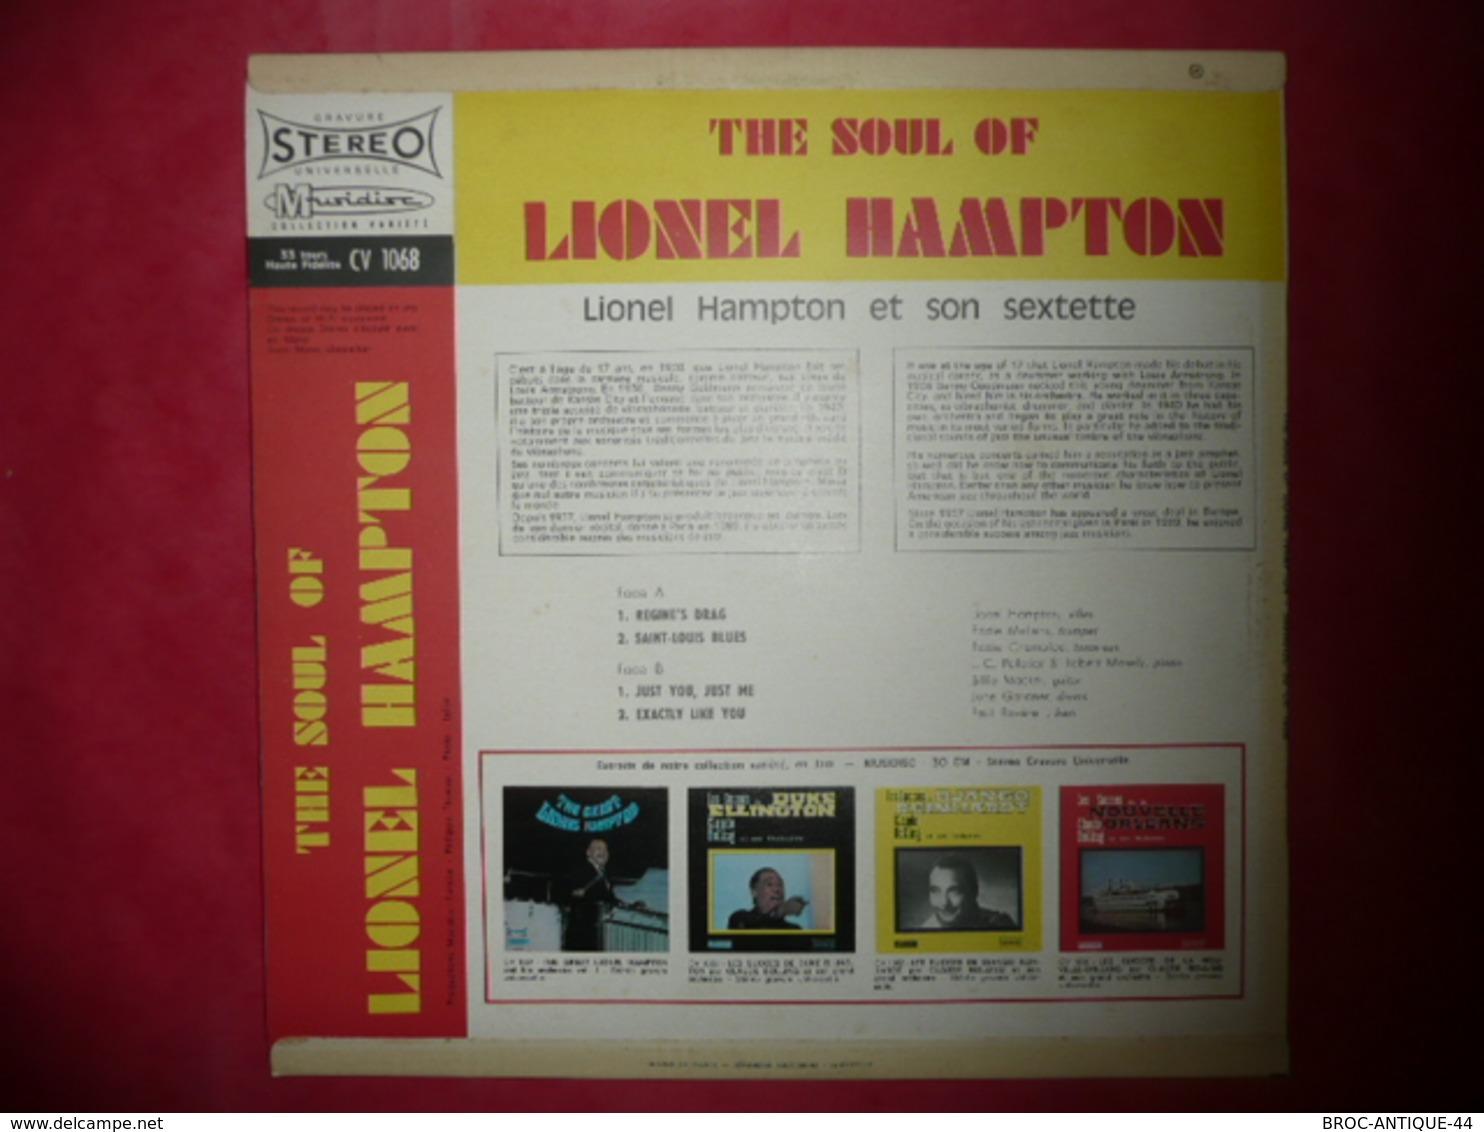 LP N°3262 - LIONEL HAMPTON - 30 CV 1068 - Jazz
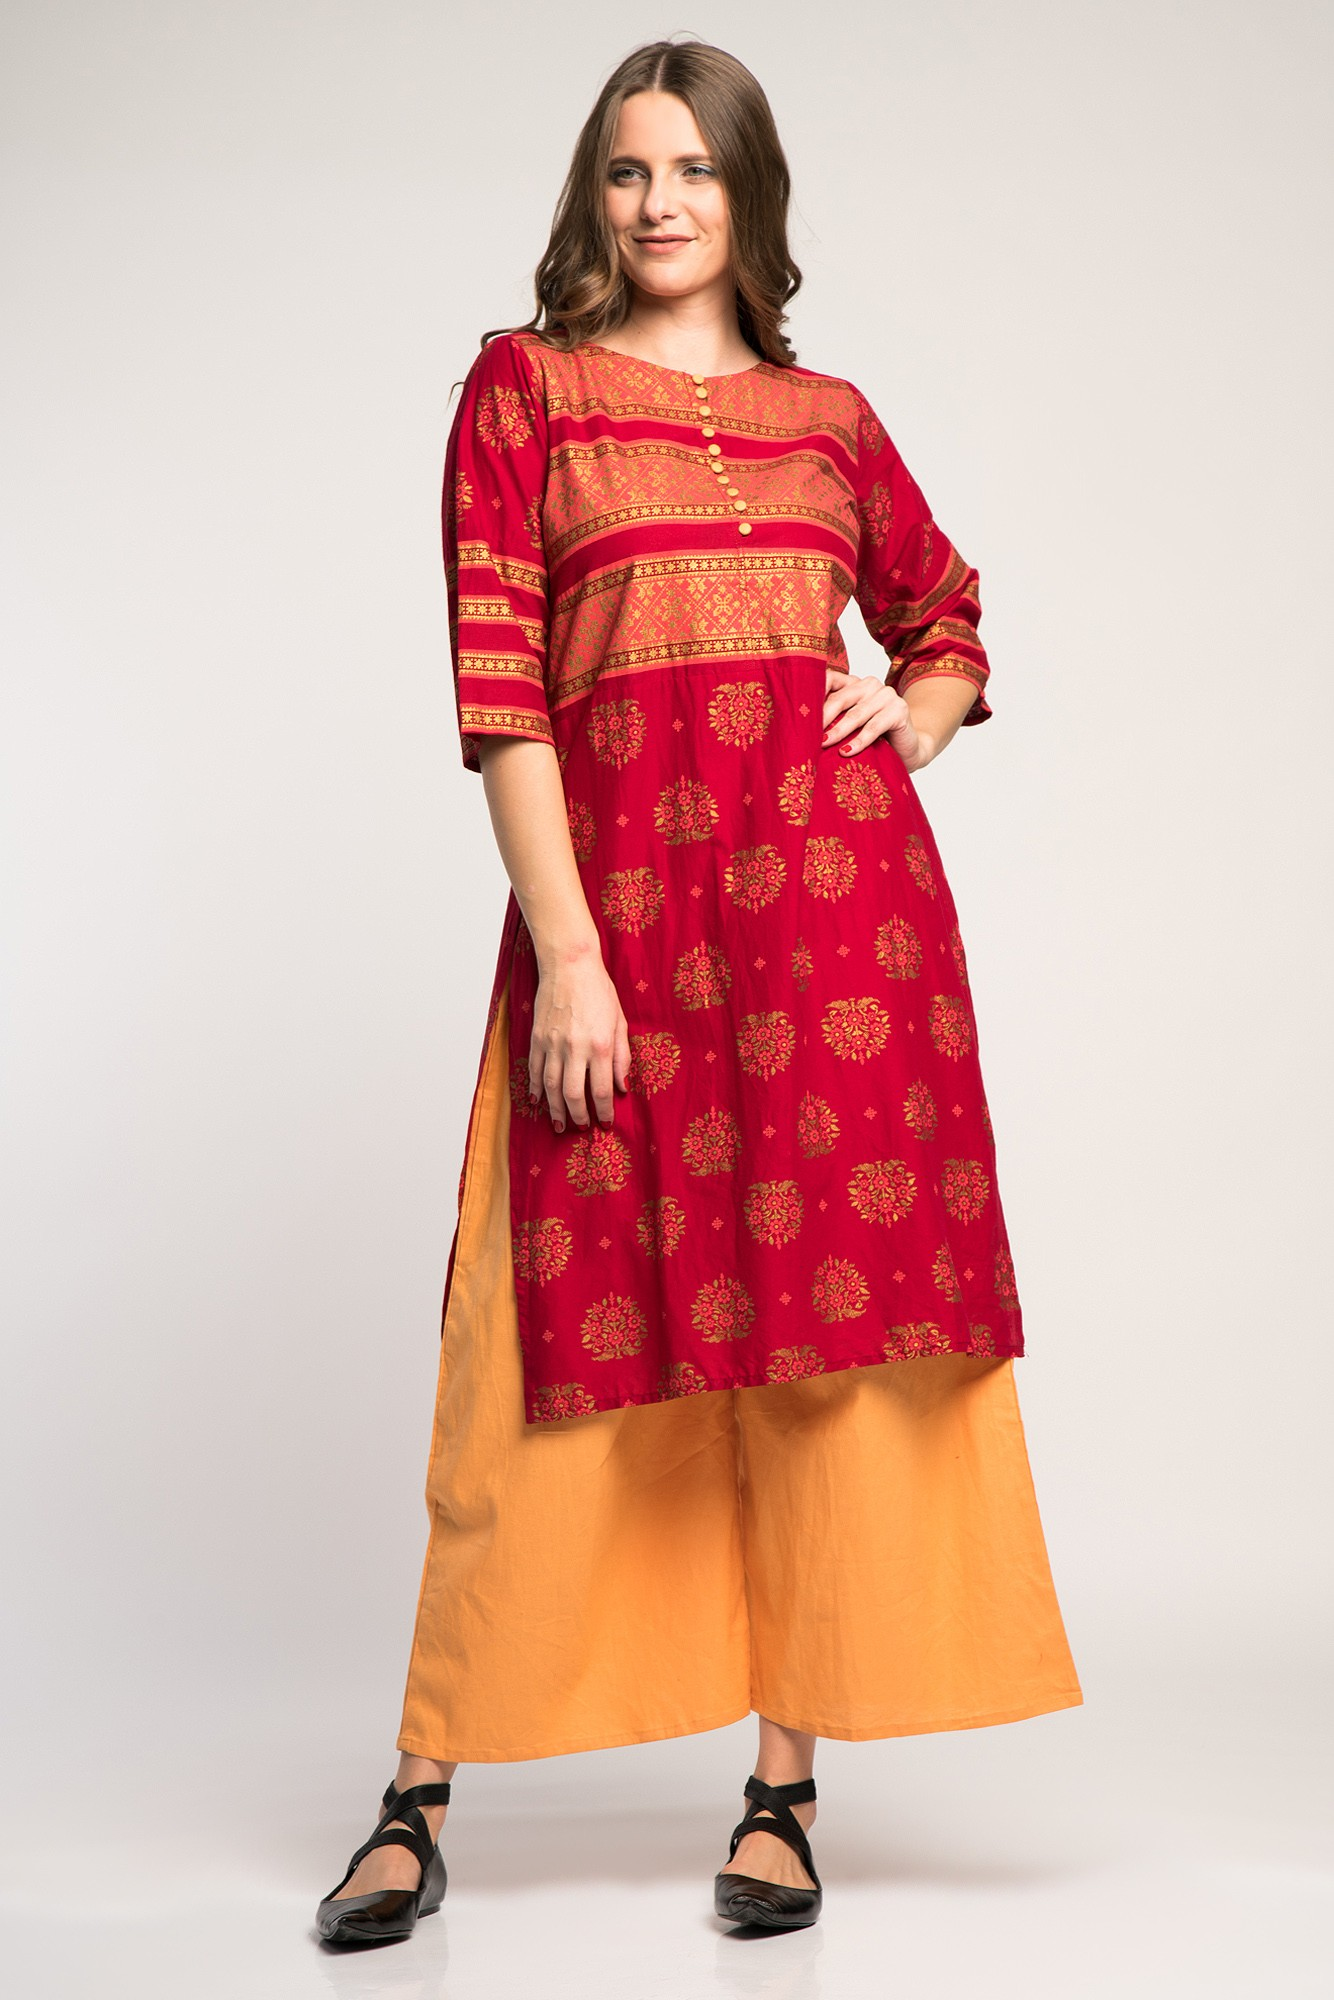 Costum traditional indian cu pantaloni portocalii si broderie aurie
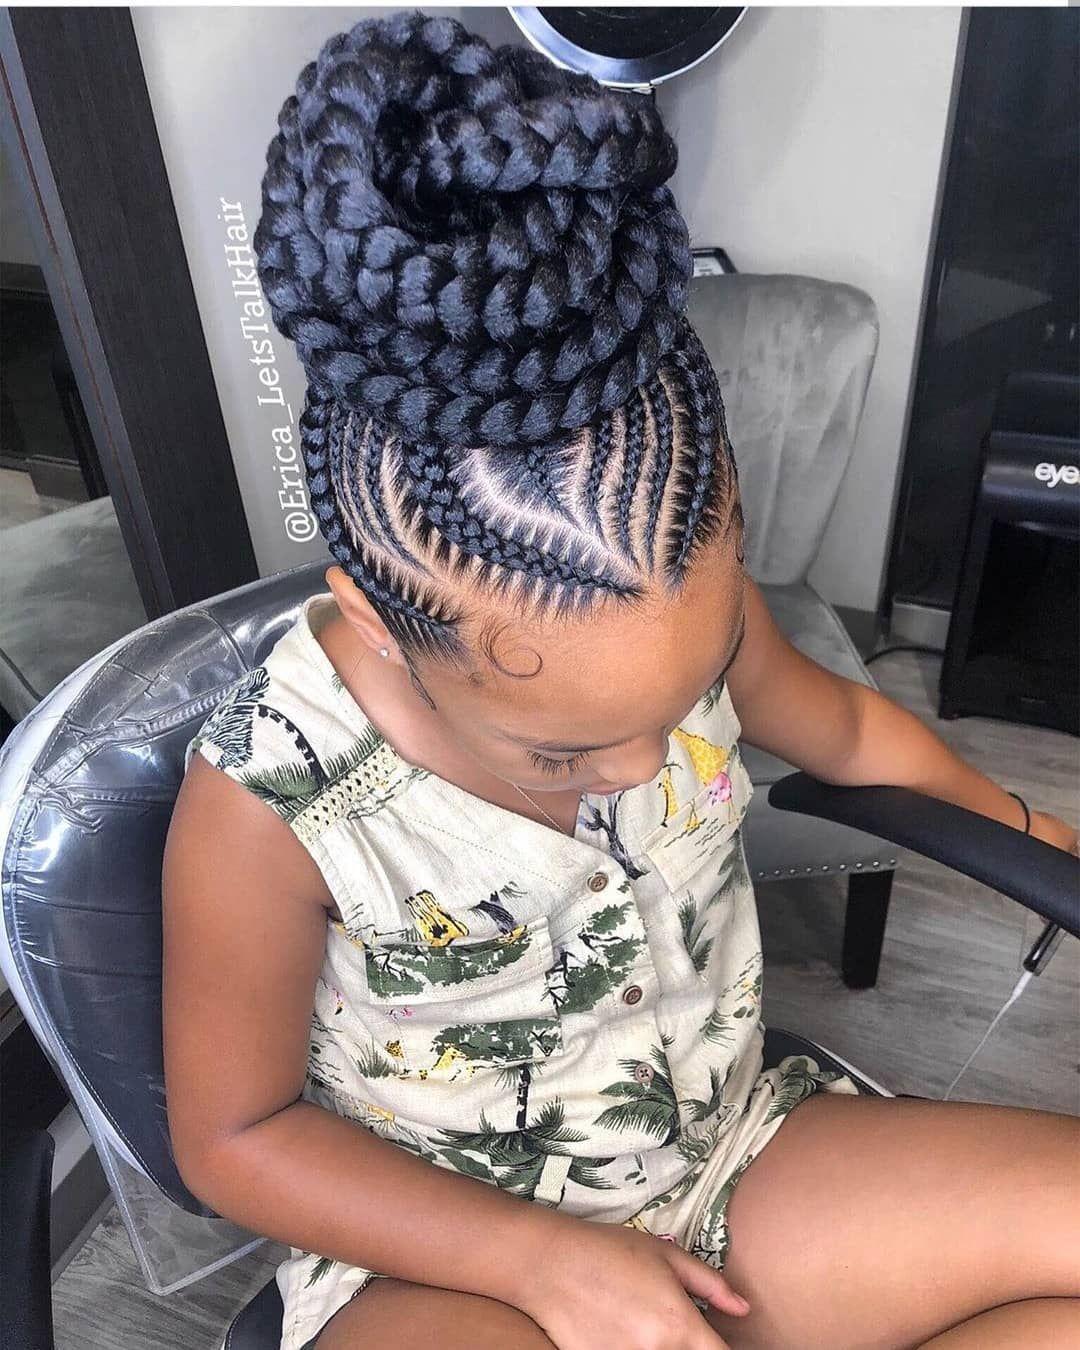 2021 Black Braided Hairstyles For Ladies 45 Most Trendy Hairstyles

> [Exercise directions]: The answer should consist only of the lines from the line with "Costum traditional indian" through the last line of the data, repeated exactly; pictures stay out.

> [Result of the task]:
 Costum traditional indian cu pantaloni portocalii si broderie aurie
 2021 Black Braided Hairstyles For Ladies 45 Most Trendy Hairstyles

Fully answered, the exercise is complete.